Official code release for the paper “Correct Code, Vulnerable Dependencies: A Large Scale Measurement Study of LLM-Specified Library Versions” (Available at arxiv). The pipelines reproduce and extend large-scale measurements on PinTrace(1,000 curated Stack Overflow tasks) and BigCodeBench.


What the paper studies 🧭

Modern LLMs routinely emit Python with third-party library (TPL) imports annotated with explicit version identifiers. Those choices directly affect security and compatibility, yet version-level risk in LLM-generated code had not been measured at scale.

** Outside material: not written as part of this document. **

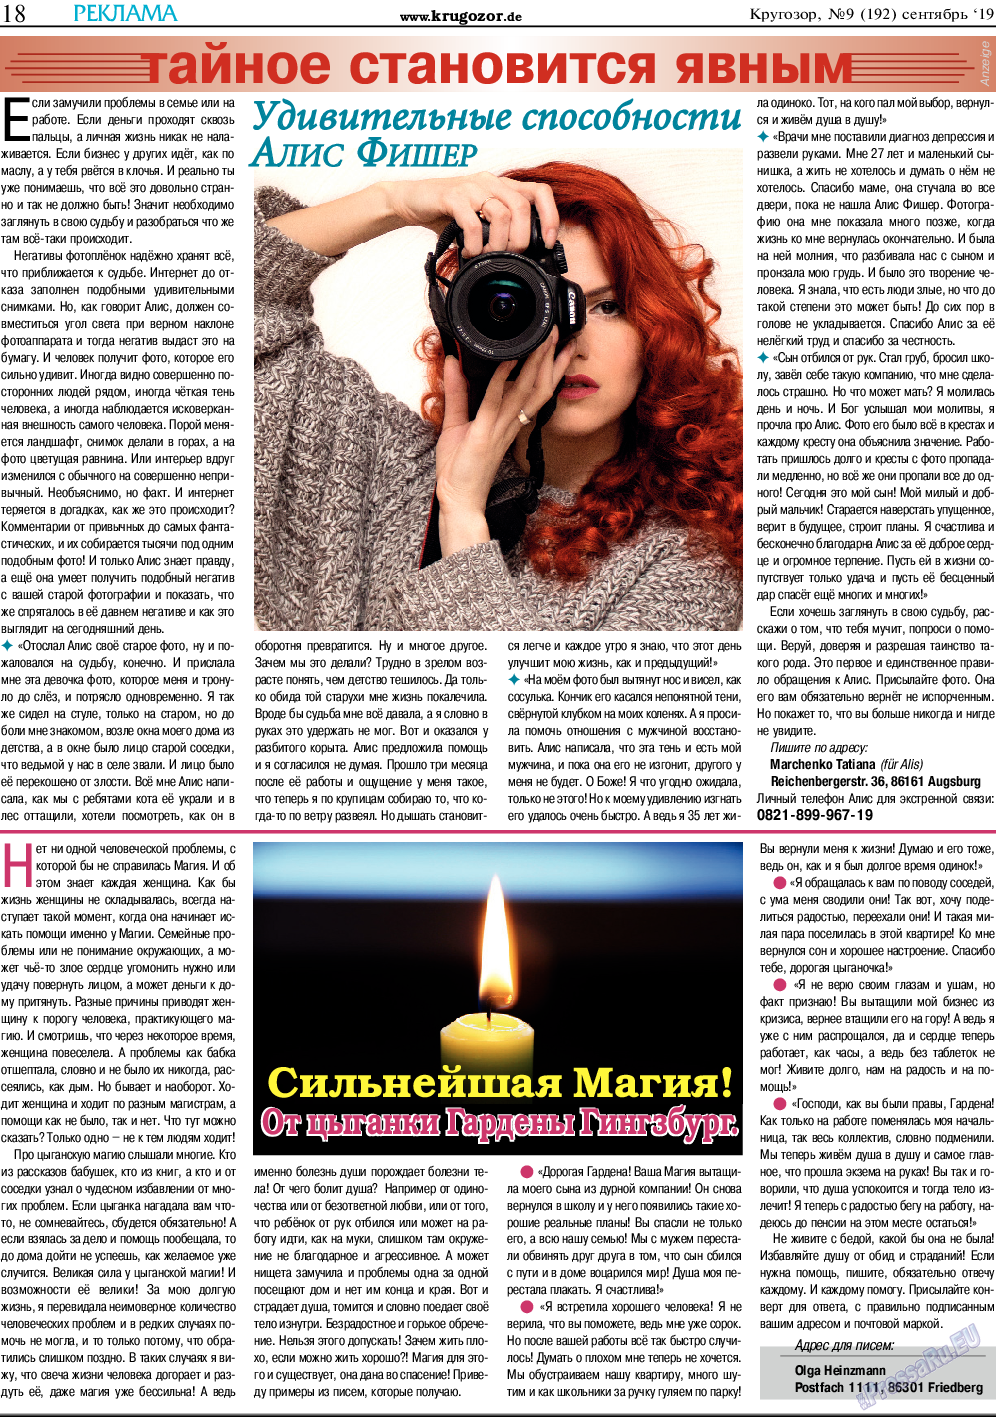 Кругозор, газета. 2019 №9 стр.18
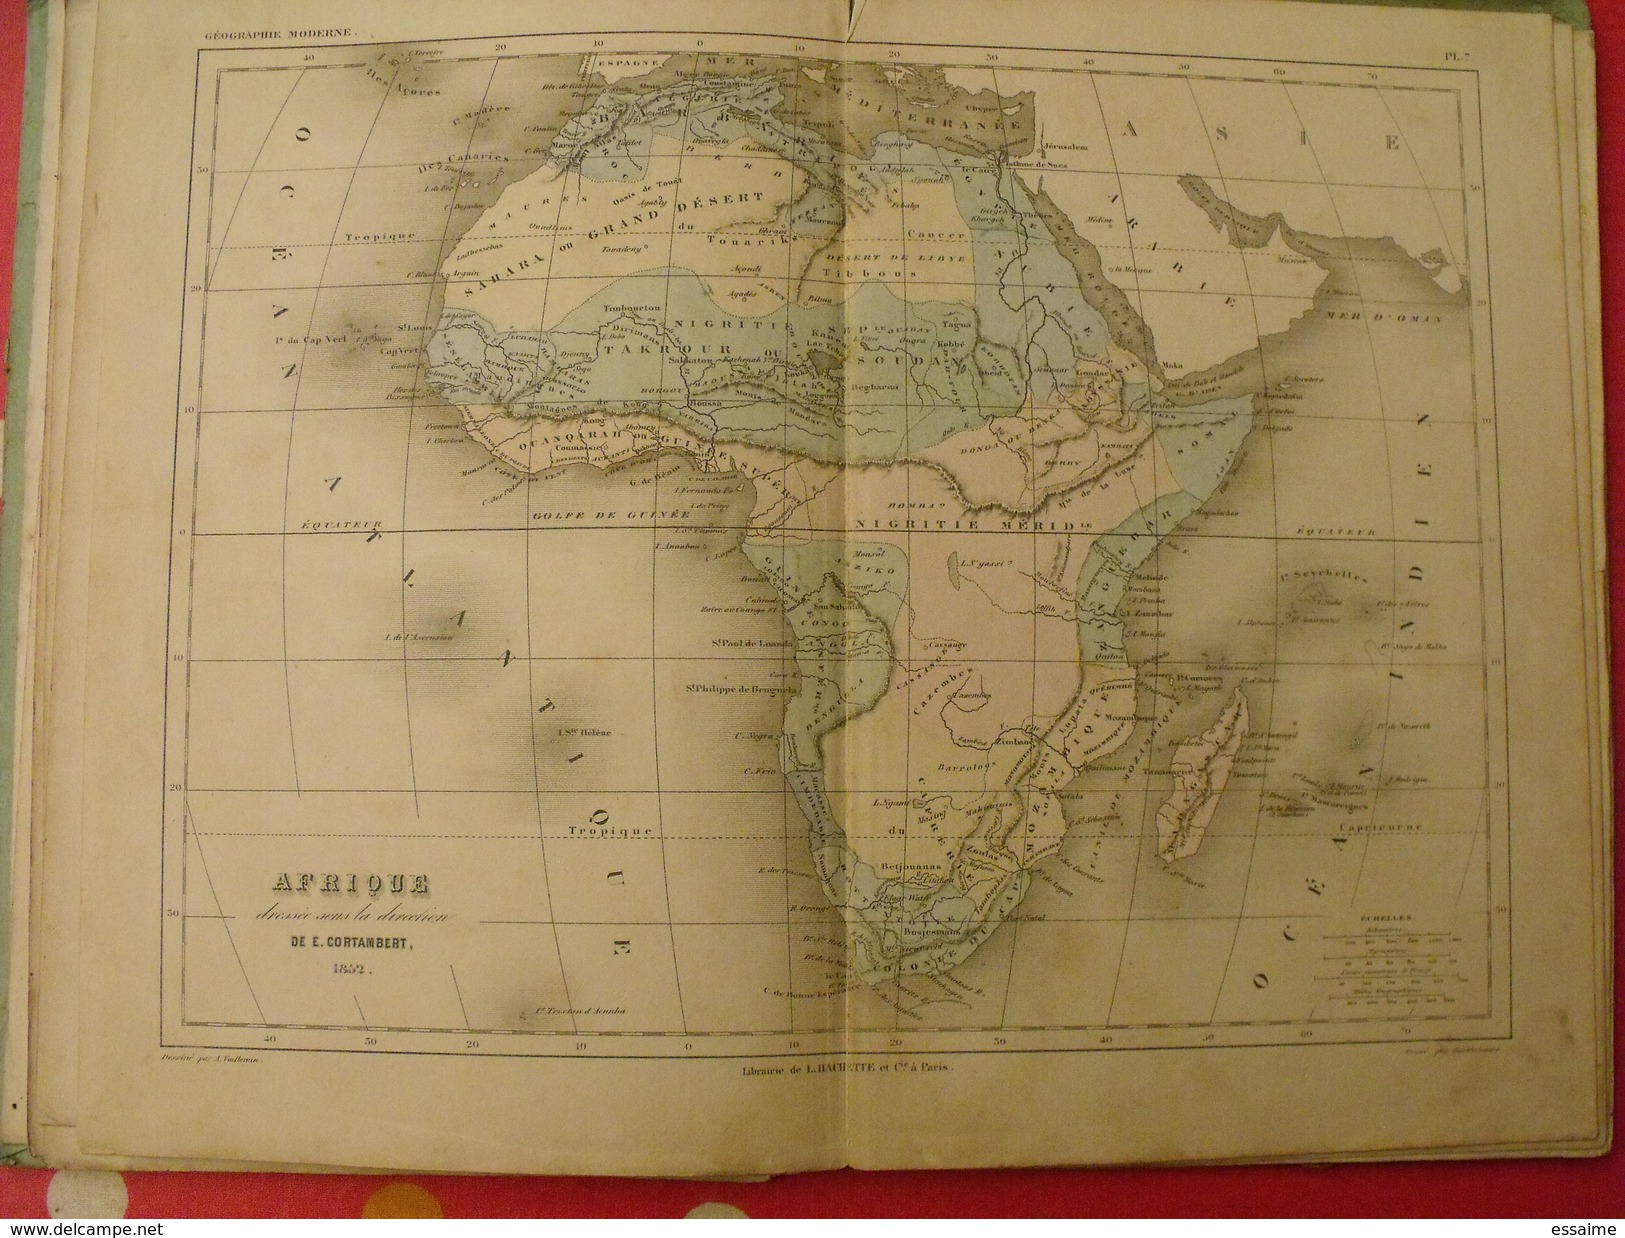 petit atlas de géographie. Cortambert. Hachette 1852. 12 planches en couleurs.

This work presents the first large-scale measurement of that risk. Highlights:

Theme Finding
Specification rate With inline-comment prompting, models specify versions on 26.83%–95.18% of library references. When asked for a standalone requirements.txt manifest instead, the same models specify only 6.45%–59.19%—showing that version discipline is format-triggered, not a stable engineering habit.
Vulnerability exposure Among tasks where models do pin versions, 36.70%–55.70% contain at least one known-CVE version; 62.75%–74.51% of those vulnerable pins carry Critical or High severity.
Disclosure timing 72.27%–91.37% of the associated CVEs were publicly disclosed before each model’s knowledge cutoff.
Systemic bias Closed- and open-weight models converge on the same small set of risky releases, pointing to systemic bias rather than isolated mistakes.
Static compatibility Static compatibility spans 19.70%–63.20%, with installation failure as a dominant driver.
Dynamic verification On an execution-based suite, pass rates fall to 6.49%–48.62% as version incompatibilities block runs before tests execute.
Attribution A controlled diagnosis experiment shows failures stem from version selection, not from the quality of the generated code.
Mitigation Natural-language “safety” instructions are weak; external version anchoring substantially reduces vulnerable exposure.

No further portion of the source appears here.